The preceding steps are repeated for the desired number of bootstrap samples, resulting in the predictive distribution of total needed reserve by origin period and in aggregate.

Bringing it All Together

The steps outlined above are combined in the next cell to run 1000 bootstrap iterations, generating the predictive distribution of reserves. We also present code to visualize the predictive distribution by origin period and in aggregate.


import matplotlib.pyplot as plt
import numpy as np
from numpy.random import gamma
import polars as pl

np.set_printoptions(suppress=True, precision=5)
pl.Config(tbl_rows=30)
pl.Config(float_precision=4)
pl.Config(tbl_cols=None)
# Set random seed for reproducibility.
rng = np.random.default_rng(seed=516)

# Number of bootstrap samples.
nbr_samples = 1000

# Load tabular incremental losses. Convert to incremental triangle. 
dfraa = pl.read_csv("https://gist.githubusercontent.com/jtrive84/976c80786a6e97cce7483e306562f85b/raw/06a5c8b1f823fbe2b6da15f90a672517fa5b4571/RAA.csv")
dfraa = dfraa.sort(by=["ORIGIN", "DEV"])
dfraa = dfraa.with_columns(pl.col("ORIGIN").sub(1980).alias("ORIGIN"))
tri0 = to_tri(dfraa)
nbr_devps = tri0.width - 1
mask = ~np.isnan(tri0[:,1:])

# Create cumulative triangle from original losses.
ctri0 = to_cum(dfraa, as_tri=True)

# All-year volume-weighted age-to-age factors.
a2a = get_a2a_factors(ctri0)

# Cumulative fitted triangle via backwards recursion.
a2a_headers, a2a_values = zip(*a2a)

# Create empty triangle with same shape as ctri0. 
ctri = pl.DataFrame(
    {f"{i}": [np.nan] * nbr_devps for i in range(1, 11)}
).with_row_index("ORIGIN", offset=1)

for r_idx in range(ctri["ORIGIN"].shape[0]):

    # Determine latest development period.
    latest_devp = nbr_devps - r_idx

    # Set latest diagonal of tri to same value as in tri0.
    ctri[r_idx, str(latest_devp)] = ctri0[r_idx, str(latest_devp)] 
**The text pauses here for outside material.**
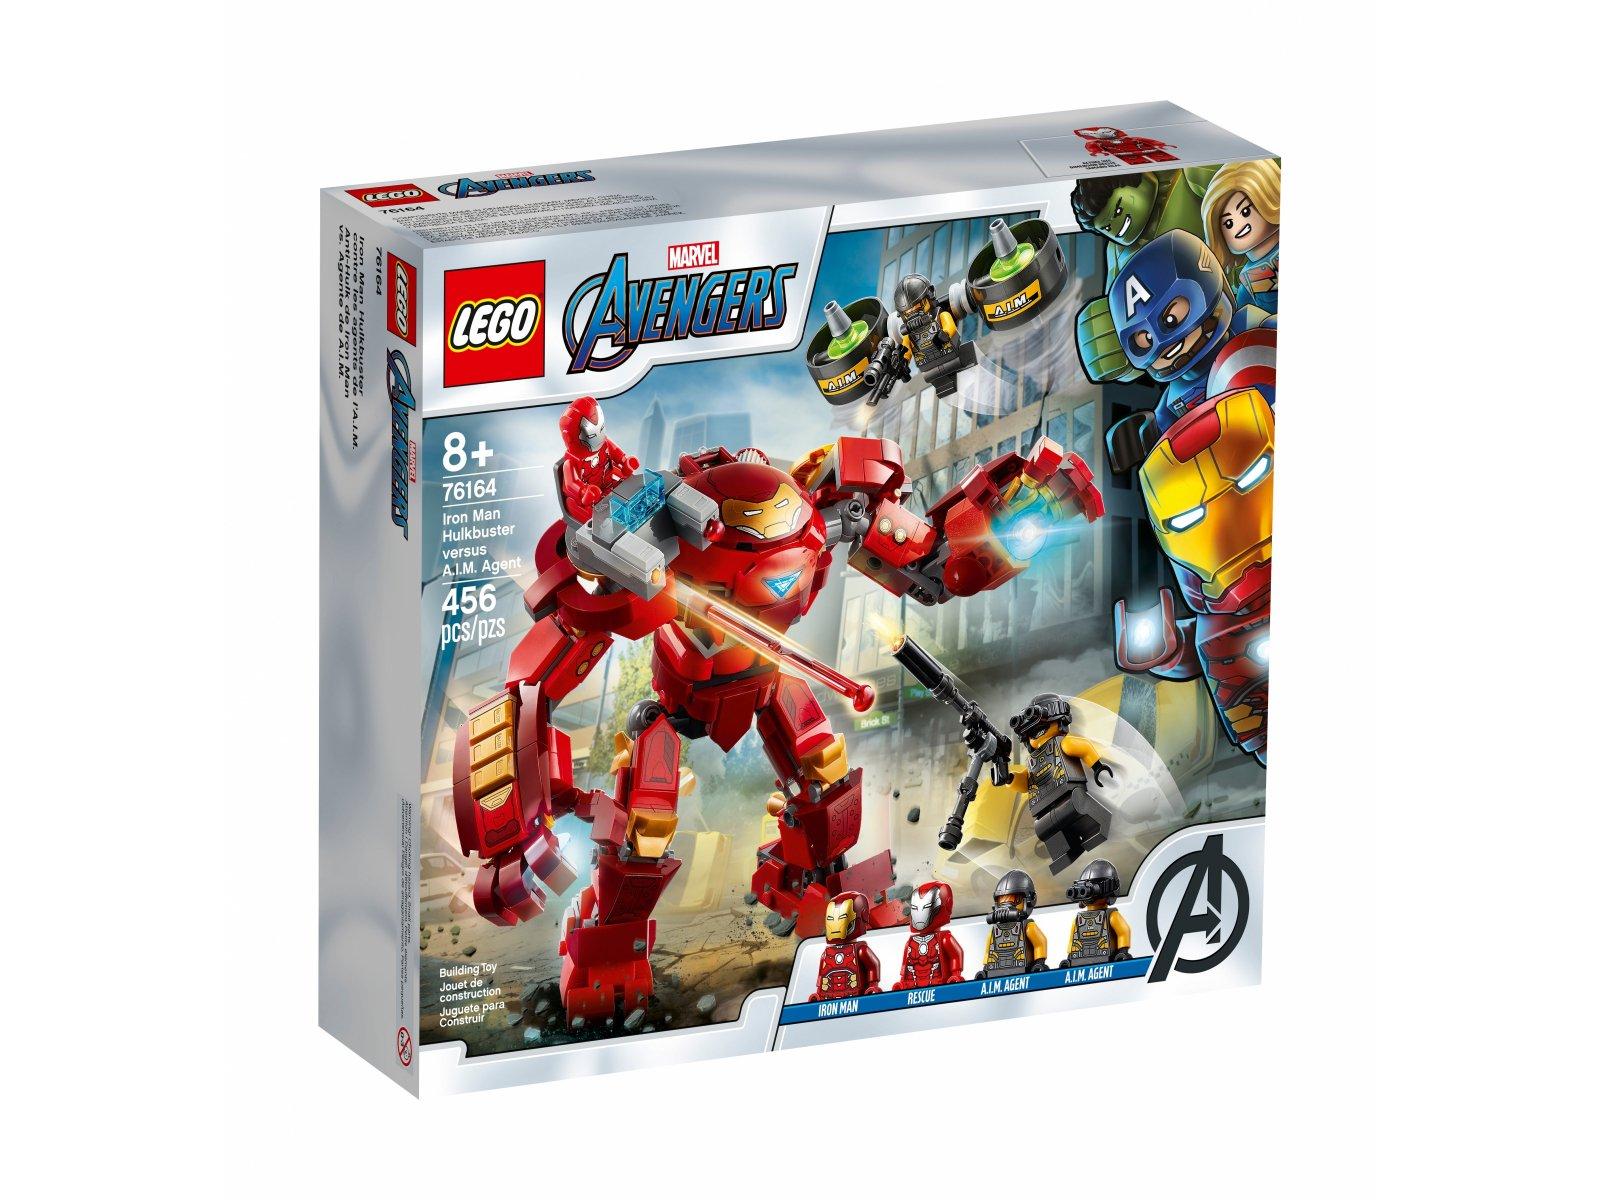 LEGO Marvel Avengers Hulkbuster Iron Mana kontra agenci A.I.M. 76164
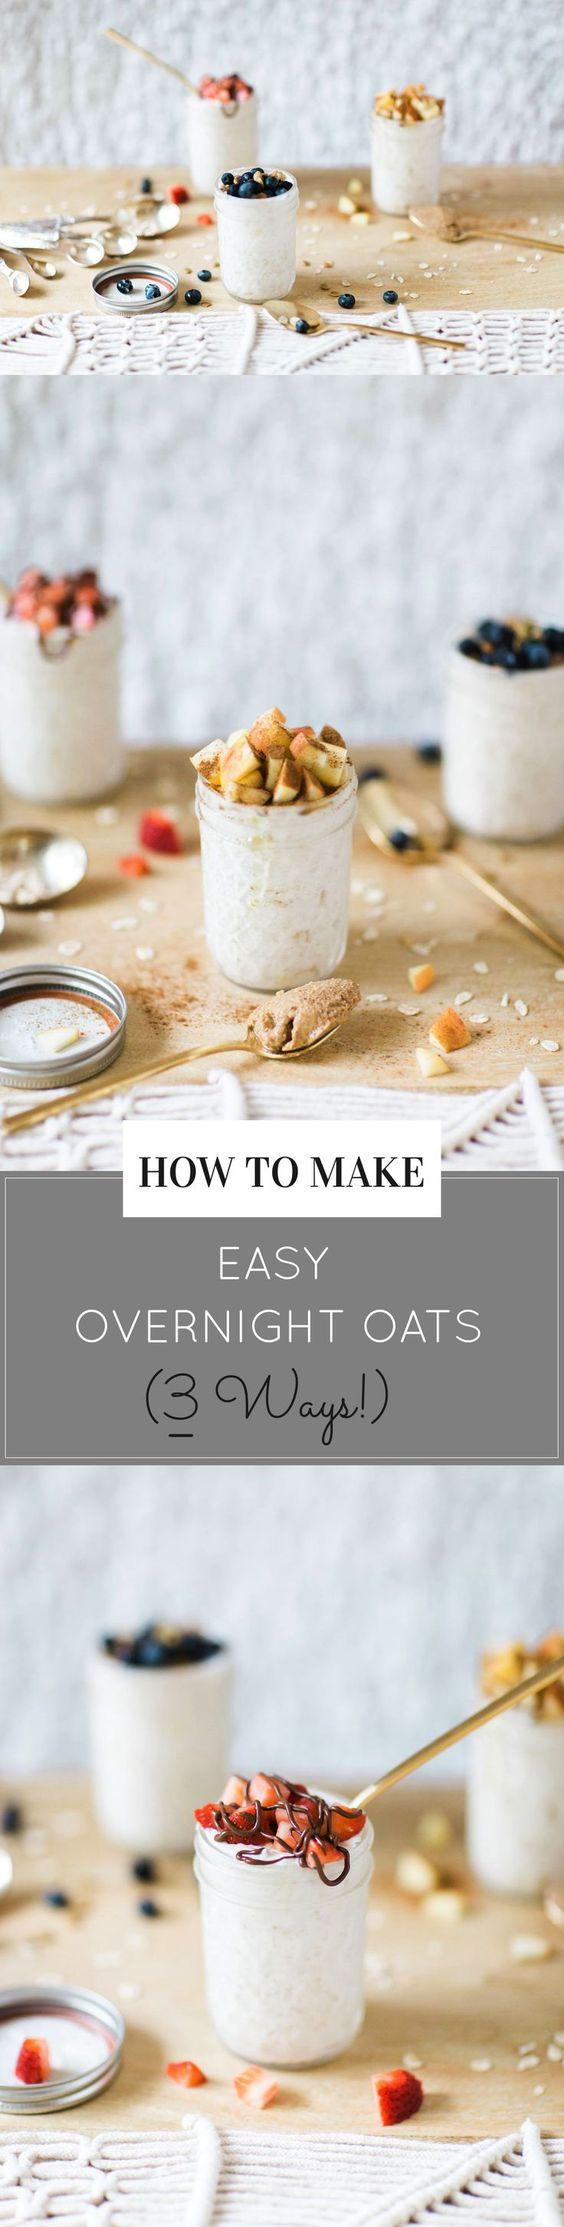 How to Make Easy Overnight Oats (3 Ways!)   overnight oats recipes   recipes for overnight oats   healthy breakfast recipes   easy breakfast recipes   recipes using oats    Glitter, Inc.

    # Use backward recursion to un-develop triangle using a2a_values. 
    for devp in range(latest_devp - 1, 0, -1):
        ctri[r_idx, str(devp)] = (ctri[r_idx, str(devp + 1)] / a2a_values[devp - 1])

# Incremental fitted triangle.
tri = to_incr(to_table(ctri), as_tri=True)

# Unscaled Pearson residuals.
numer = tri0.select(tri0.columns[1:]) - tri.select(tri.columns[1:]) 
denom = tri.select(pl.col(tri0.columns[1:]).abs().sqrt())
r_us = numer / denom

# Degrees of freedom.
n = tri0.count().sum().to_numpy().flatten()[1:].sum().item()
p = tri0.height + tri0.width - 2
DF = n - p

# Scale parameter.
phi = r_us.with_columns(pl.all().pow(2)).sum().to_numpy().flatten().sum().item() / DF

# Adjusted Pearson residuals.
r_adj = np.sqrt(n / DF).item() * r_us  

# Create sampling distribution from adjusted Pearson residuals. Remove
# nans and 0s. 
r = r_adj[:-1, :-1].to_numpy().flatten()
r = r[np.logical_and(~np.isnan(r), r != 0)] 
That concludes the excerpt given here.